Record set:
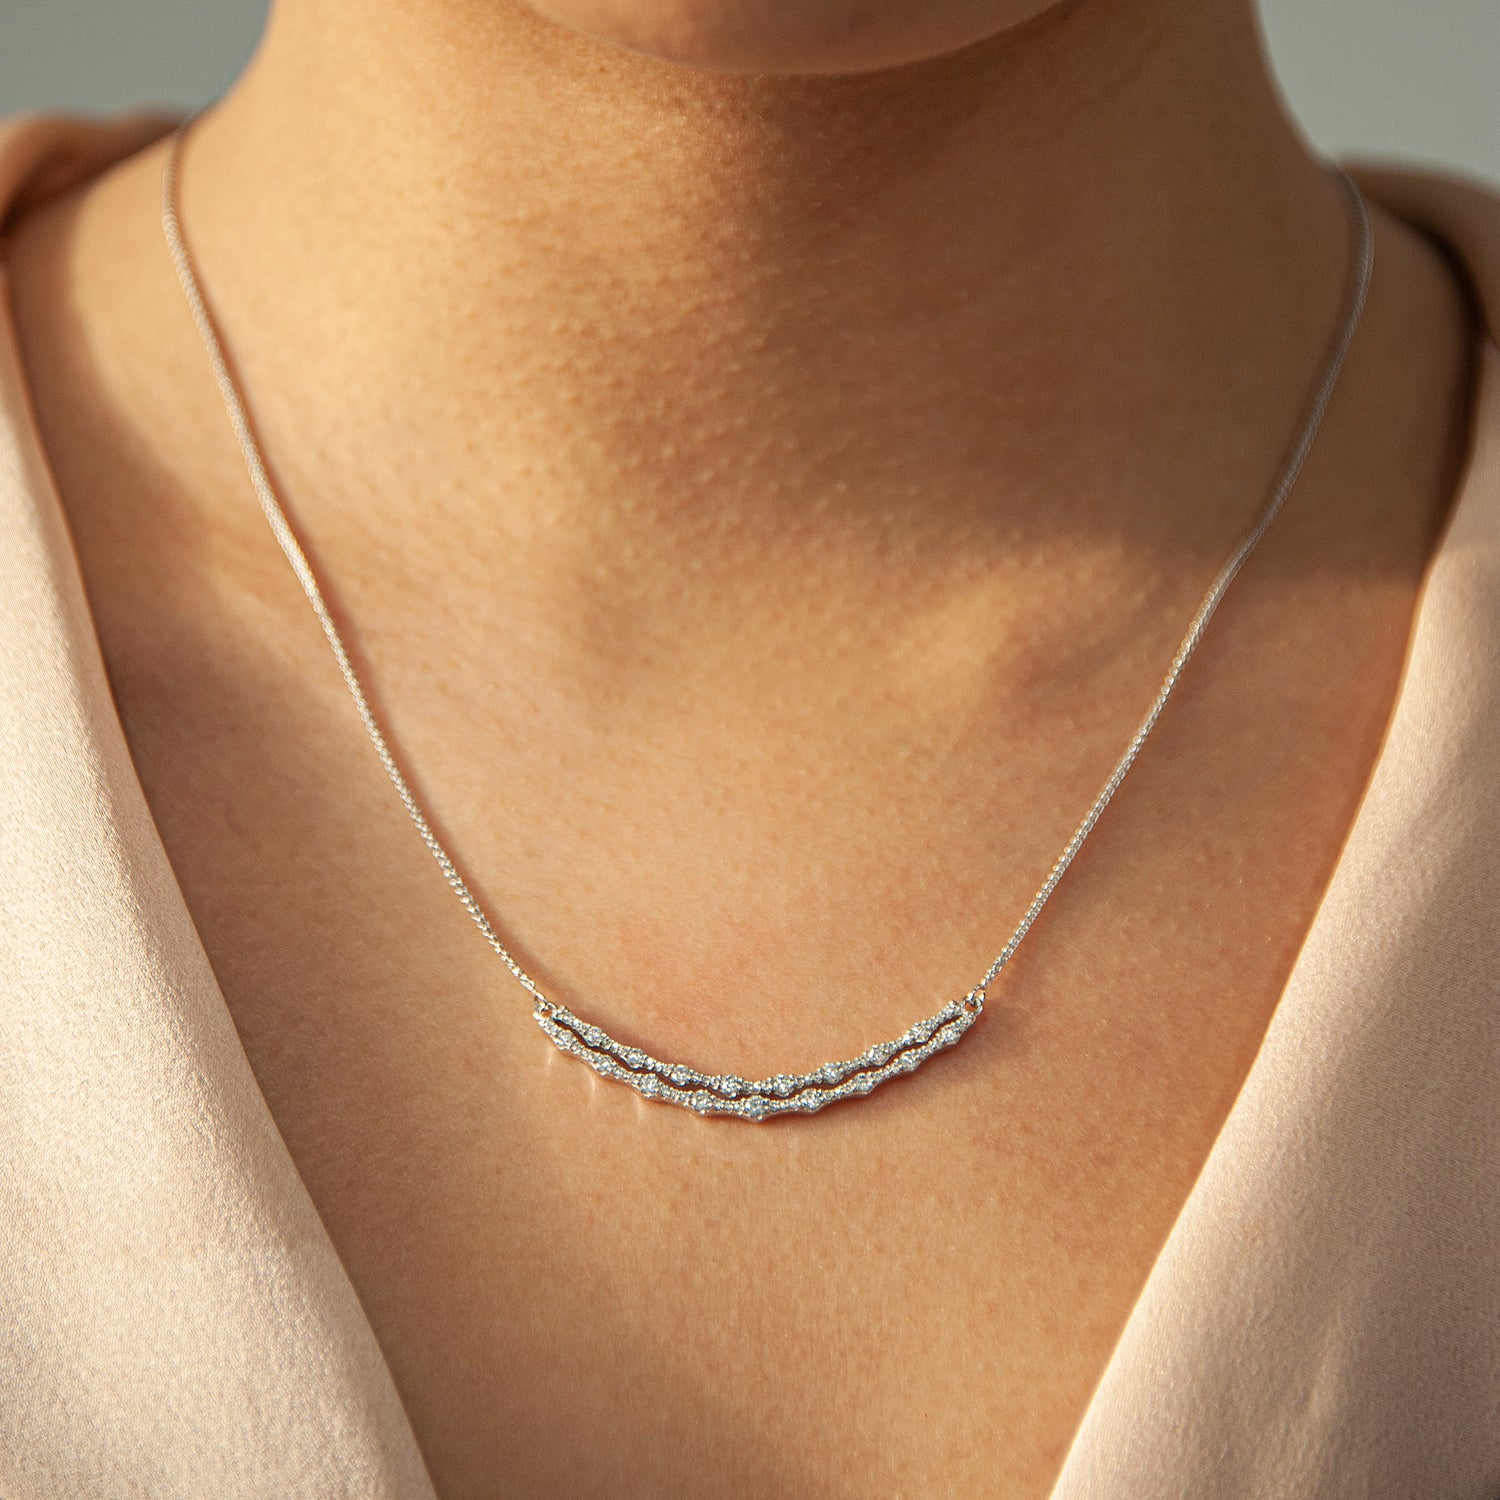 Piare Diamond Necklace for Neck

---

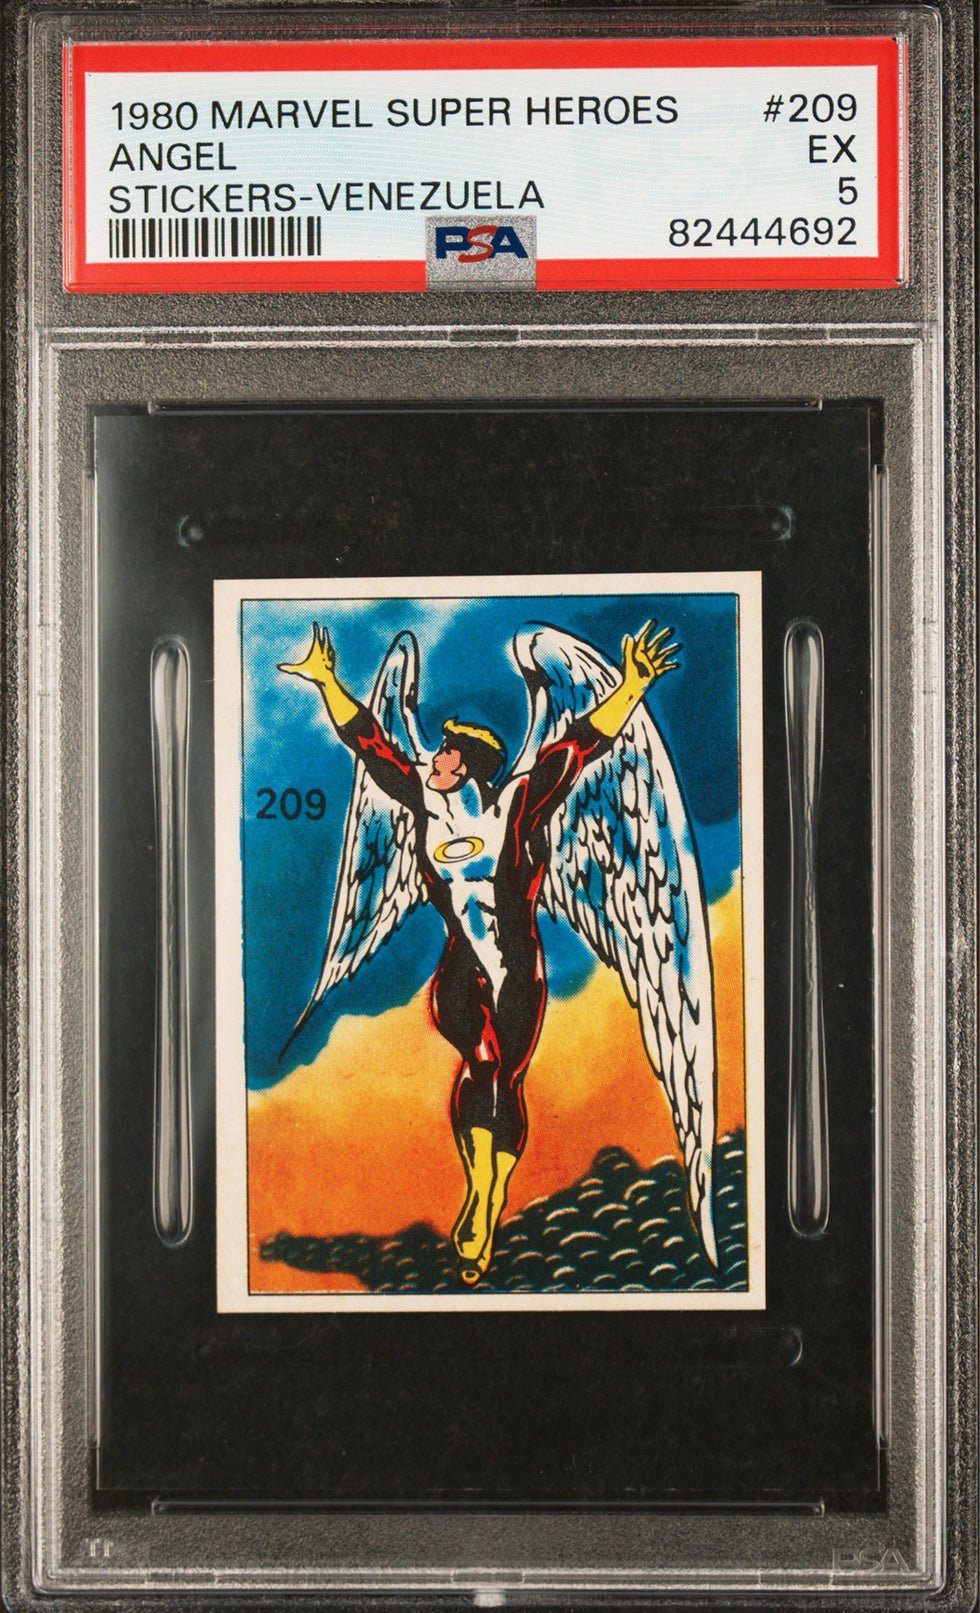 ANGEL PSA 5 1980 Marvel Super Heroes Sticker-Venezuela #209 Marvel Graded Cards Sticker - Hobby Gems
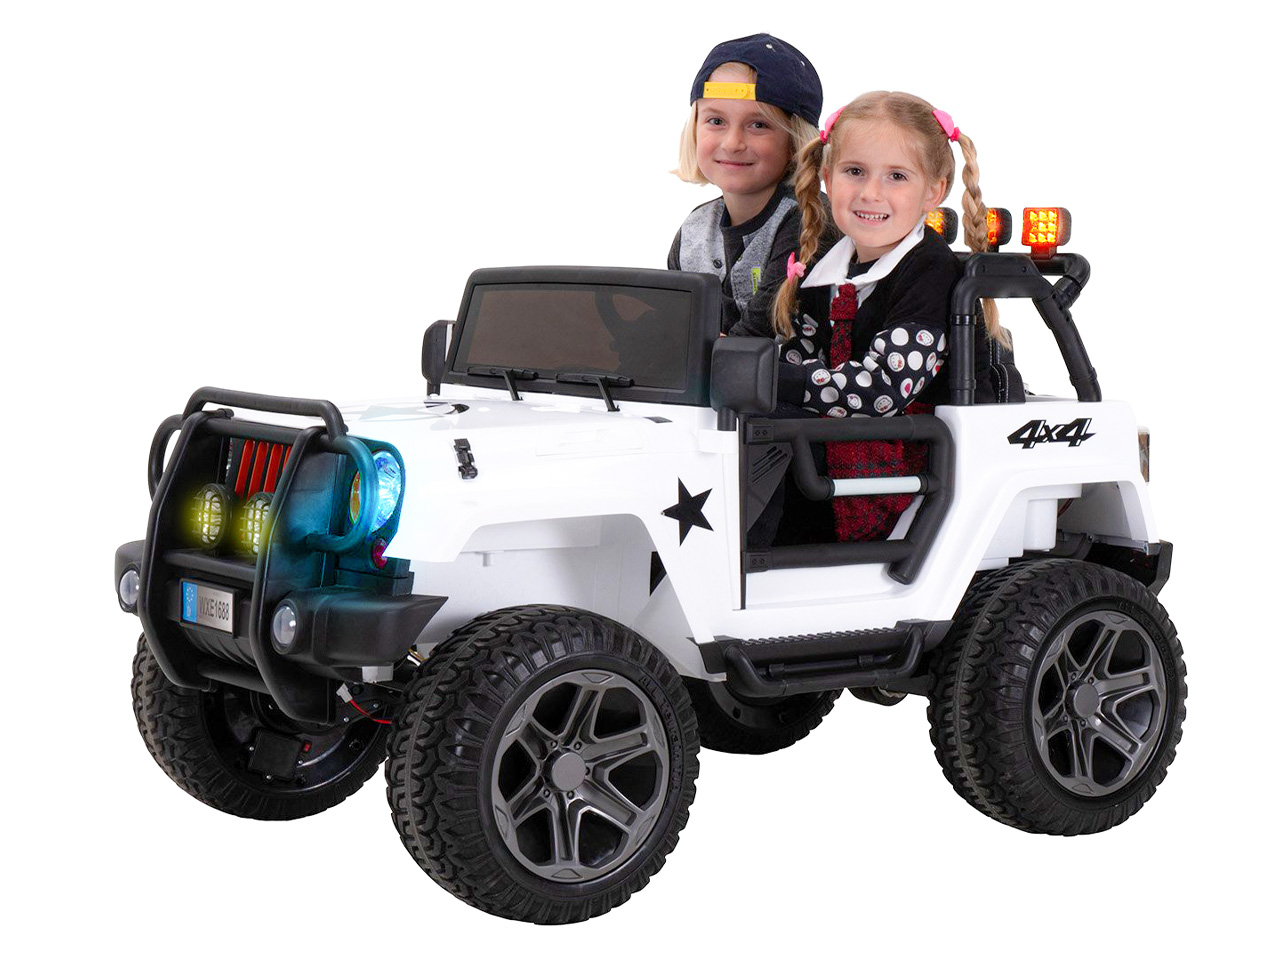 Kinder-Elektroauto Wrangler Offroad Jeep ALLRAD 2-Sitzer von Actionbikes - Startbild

--

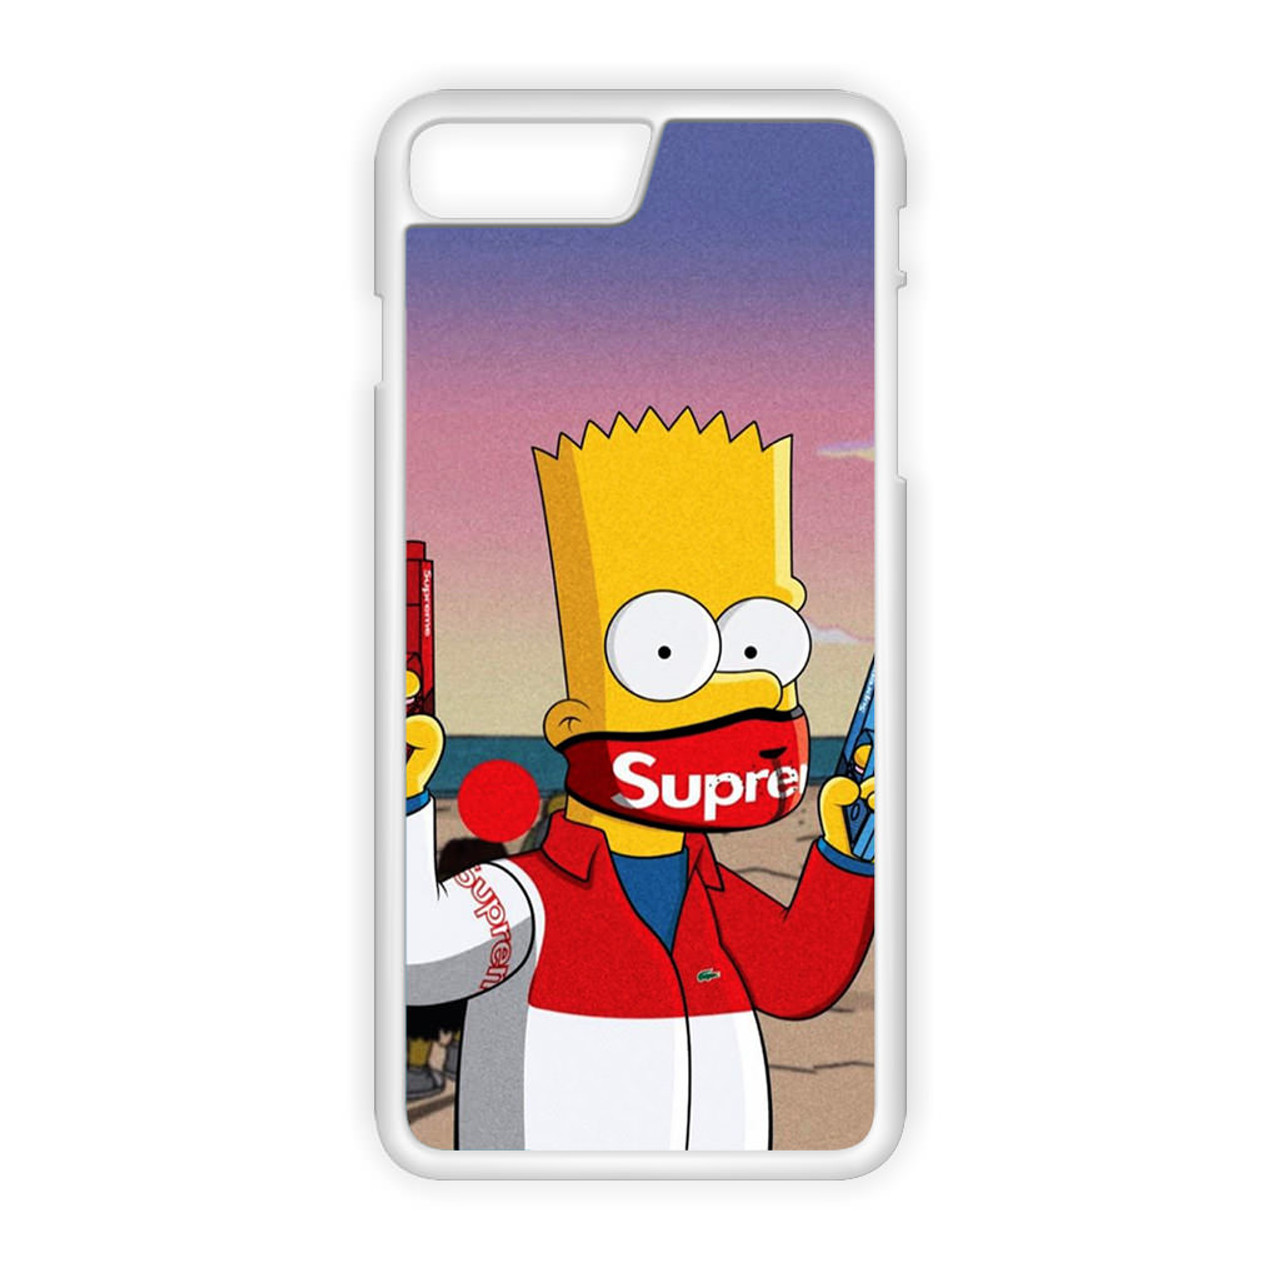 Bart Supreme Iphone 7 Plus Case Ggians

Brief: Return word for word the lines of the listing above, starting at the line with "ANGEL PSA 5" and ending at the line with "Kinder-Elektroauto Wrangler Offroad", both included. Pictures do not belong in the copy.

Solution below:
 ANGEL PSA 5 1980 Marvel Super Heroes Sticker-Venezuela #209 Marvel Graded Cards Sticker - Hobby Gems
 Kinder-Elektroauto Wrangler Offroad Jeep ALLRAD 2-Sitzer von Actionbikes - Startbild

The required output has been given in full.